Supposons l’homme sans péché : le résultat de ces quatre mille ans de préparation eût été une humanité se comprenant et se possédant assez complètement elle-même pour être capable de se donner et de jeter aux pieds de son Dieu la couronne d’une liberté saintement conquise ; et Dieu eût aussitôt répondu à cet hommage par le don de son Esprit. Le péché n’a pas absolument annulé ce résultat ; mais il a profondément modifié la forme en laquelle il s’est produit. Par une longue expérience de son péché, l’humanité a compris l’incapacité où elle était de réaliser par elle-même sa destination, de trouver Dieu, de s’unir à lui. Mais elle n’en a pas moins soupiré, par l’organe de ses plus nobles représentants, après ce terme glorieux. Elle a réclamé, comme à genoux, le secours divin dont elle sentait profondément le besoin. Elle s’est écriée par la bouche d’Esaïe : « Oh ! que tu fendisses les cieux et que tu descendisses ! (Ésaïe 64.1) » L’Esprit ne lui est point apparu comme un époux imposé, mais comme le fiancé digne de son plus profond désir. Et au moment décisif elle a trouvé cet accent sublime, par lequel la jeune héroïne israélite, sa représentante, a répondu à l’appel divin : « Voici la servante du Seigneur ; qu’il me soit fait selon ta parole (Luc 1.38). »
3. Ce soupir intense et ce courageux abandon, fruit du long travail de Dieu en Israël, ont été les semences de l’ère à venir, de la troisième phase dans l’histoire de la vie. Le fait nouveau qui se produit alors, l’existence de l’Église, prouve l’avènement d’une période nouvelle, celle de la vie de l’Esprit sur notre terre.
St. Paul a appelé Jésus-Christ le second Adam et le dernier Adam (1 Corinthiens 15.45-47). Il y a de grandes richesses pour la pensée et pour le cœur du croyant dans ces deux épithètes. Comme le premier Adam avait clos ici-bas le développement de la vie physique et ouvert celui de la vie de l’âme, ainsi Jésus-Christ clôt le développement de la vie psychique et inaugure l’avènement de la vie spirituelle. Adam était une âme vivante, jetée par la main de Dieu au milieu des convulsions de la nature, pour apporter dans la création physique la mesure, l’harmonie et la paix. Jésus-Christ, l’Esprit vivifiant, vient du ciel pour apaiser les tempêtes de l’âme humaine ; il apporte la mesure et l’harmonie dans l’exercice de nos facultés, et fait régner dans notre vie individuelle, domestique et sociale, la sérénité de l’ordre divin.

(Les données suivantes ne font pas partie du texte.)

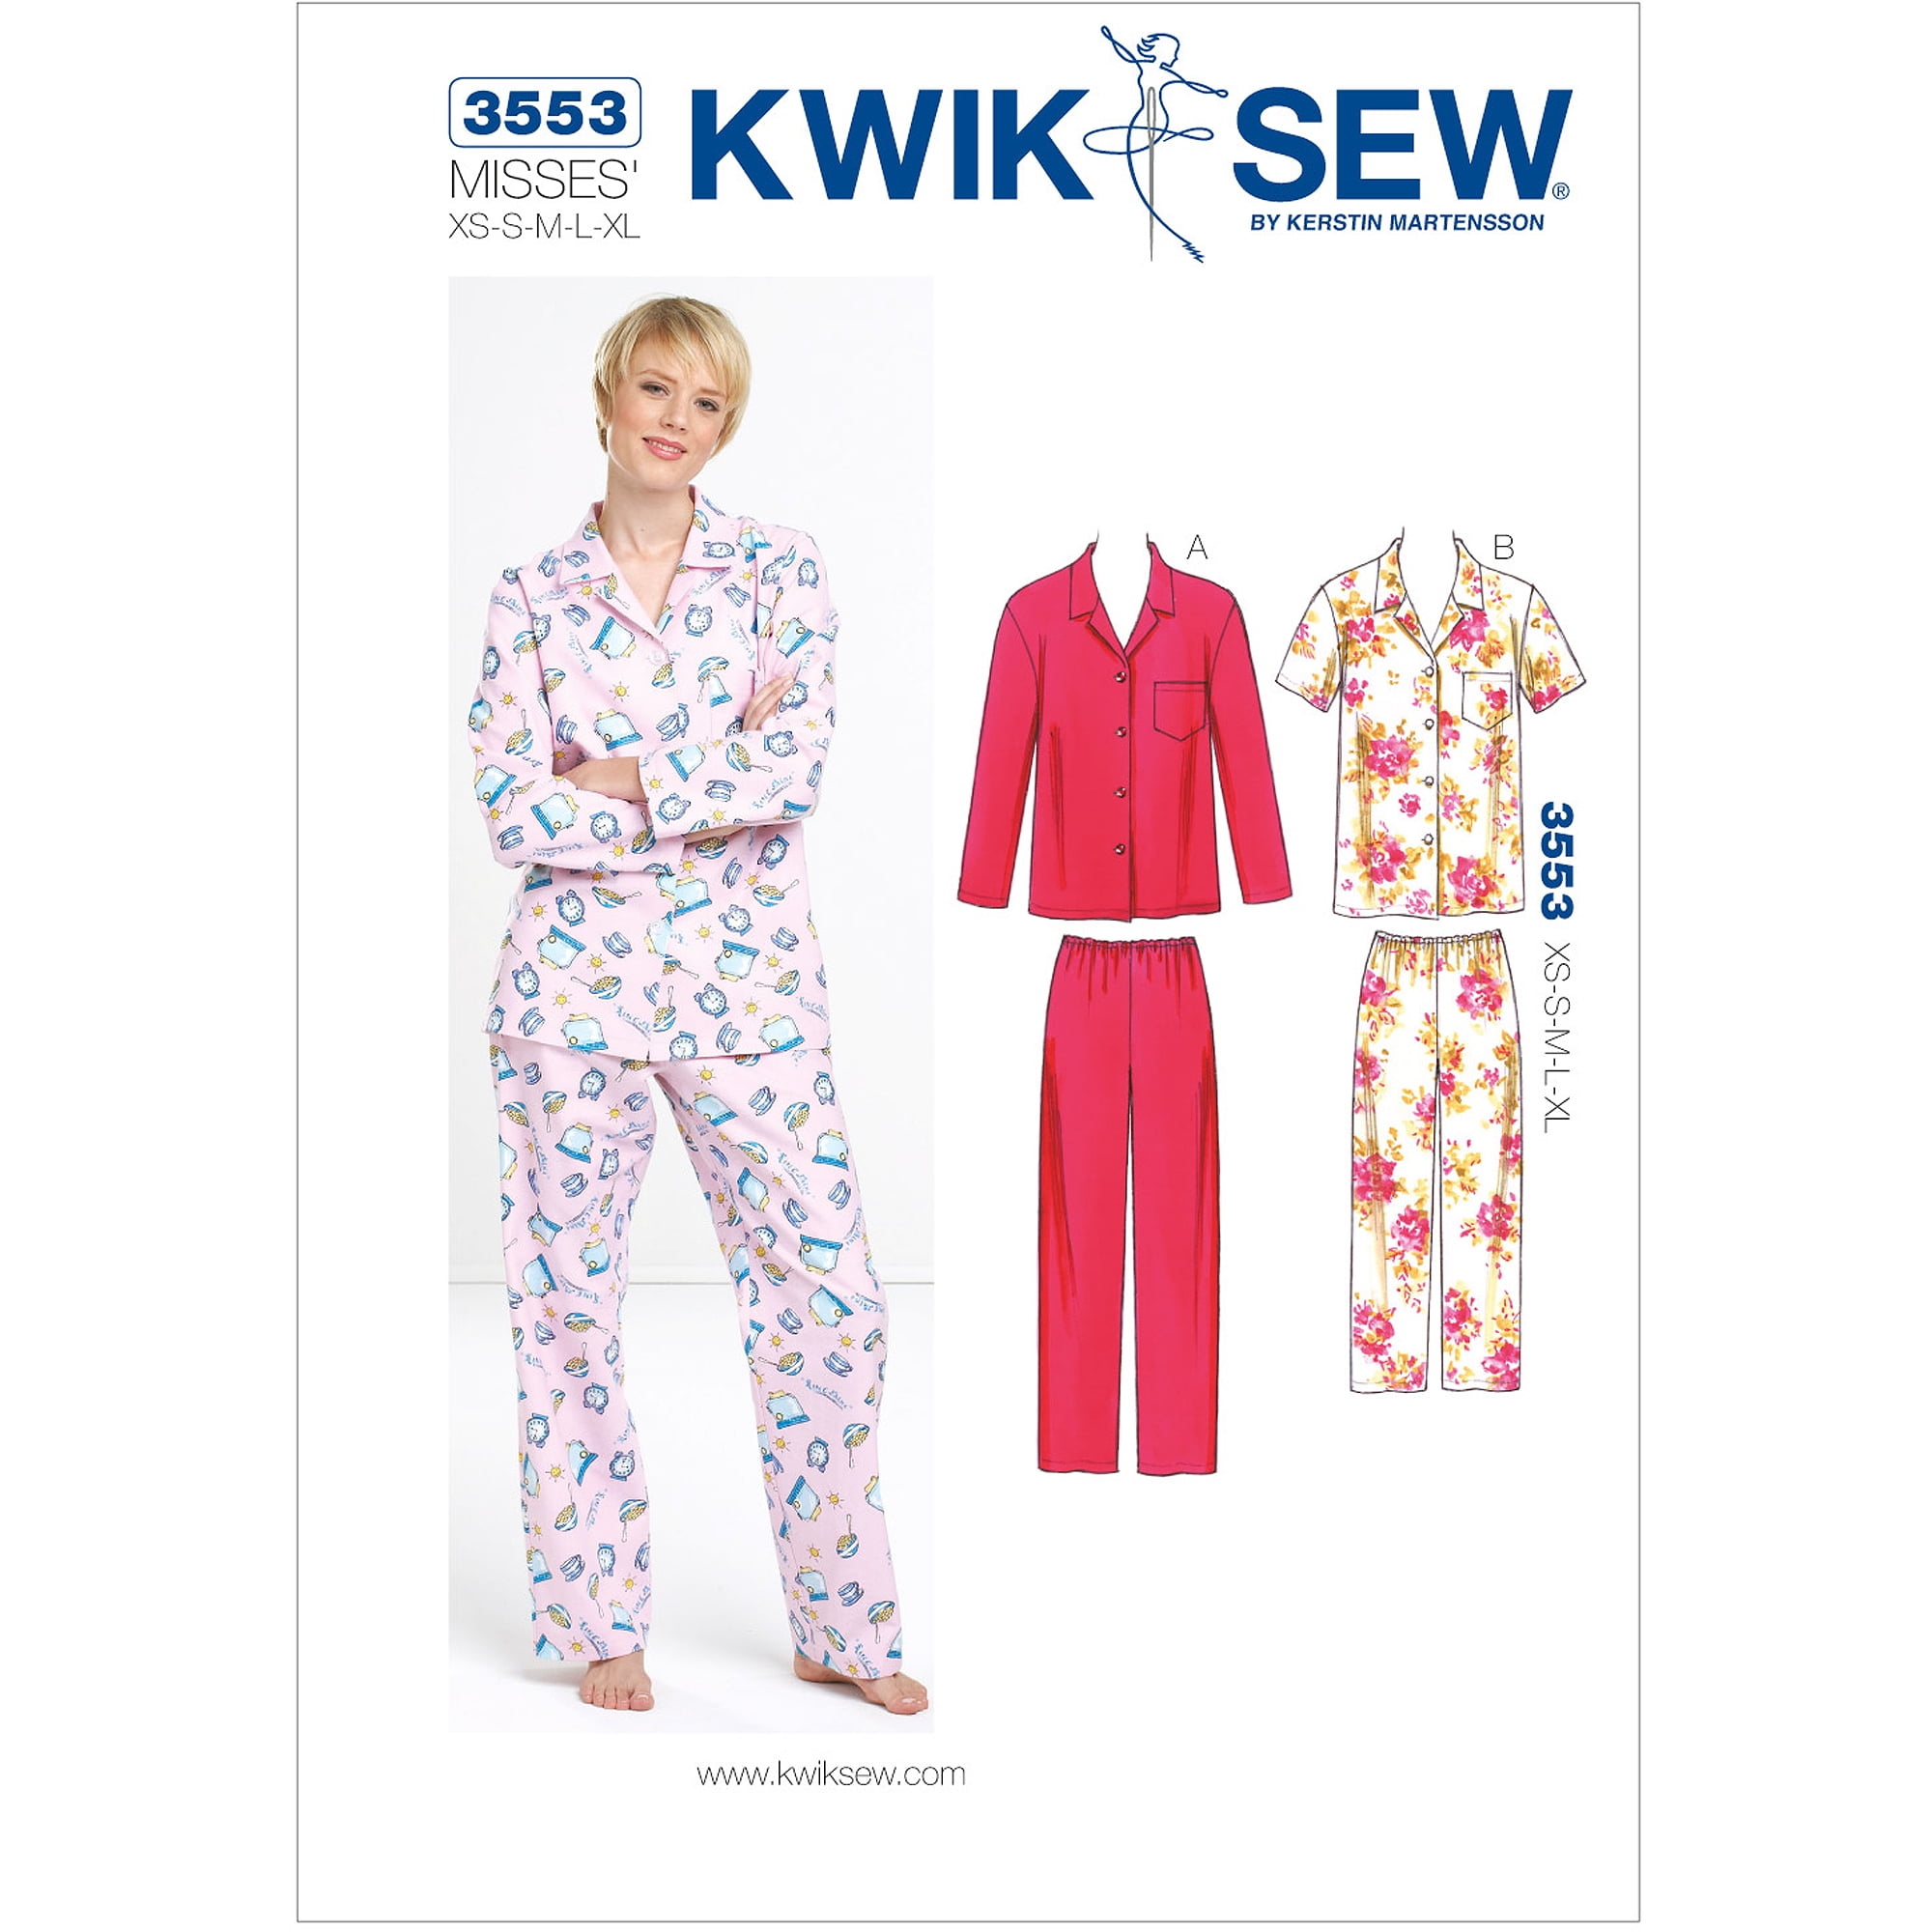 KWIK SEW - K3754 Dress & Tunic Pattern - 033594375452

Ce second Adam est aussi le dernier. Il n’y a après lui rien de plus élevé à attendre : « La vie éternelle qui était auprès du Père, dit St. Jean, a été manifestée, et nous l’avons vue (1 Jean 1.1-2). » Jésus, c’est la vie de Dieu humainement réalisée et s’offrant en partage, sous une forme accessible et palpable, à tout ce qui s’appelle homme : « La Parole a été faite chair (Jean 1.14). » Boire à cette source, c’est s’abreuver de la vie de Dieu, dans la mesure où elle est accessible à la créature.
Comment cette vie suprême est-elle apparue ? Comment a-t-elle grandi dans un homme ? Comment s’est-elle communiquée à l’humanité.
C’était sous la forme la plus modeste, nous l’avons vu, que la vie physique avait fait sur notre globe son apparition. C’est aussi dans une condition d’humilité profonde, que s’est accompli en la personne de Jésus-Christ l’avènement de la vie de l’Esprit. Une crèche a reçu le petit enfant en qui était virtuellement renfermé ce trésor ; un atelier de charpentier a été le témoin des travaux de l’adolescent, du jeune homme ; un baptême, symbole de souillure et de mort, l’a fait passer de la jeunesse à l’état d’homme fait et a servi à l’introduire lui-même dans la sphère supérieure qu’il avait mission d’ouvrir à tous les autres ; une chambre haute fermée par la peur a été le foyer où la vie nouvelle a jailli et d’où elle s’est propagée dès le jour de la Pentecôte à travers les générations et les siècles.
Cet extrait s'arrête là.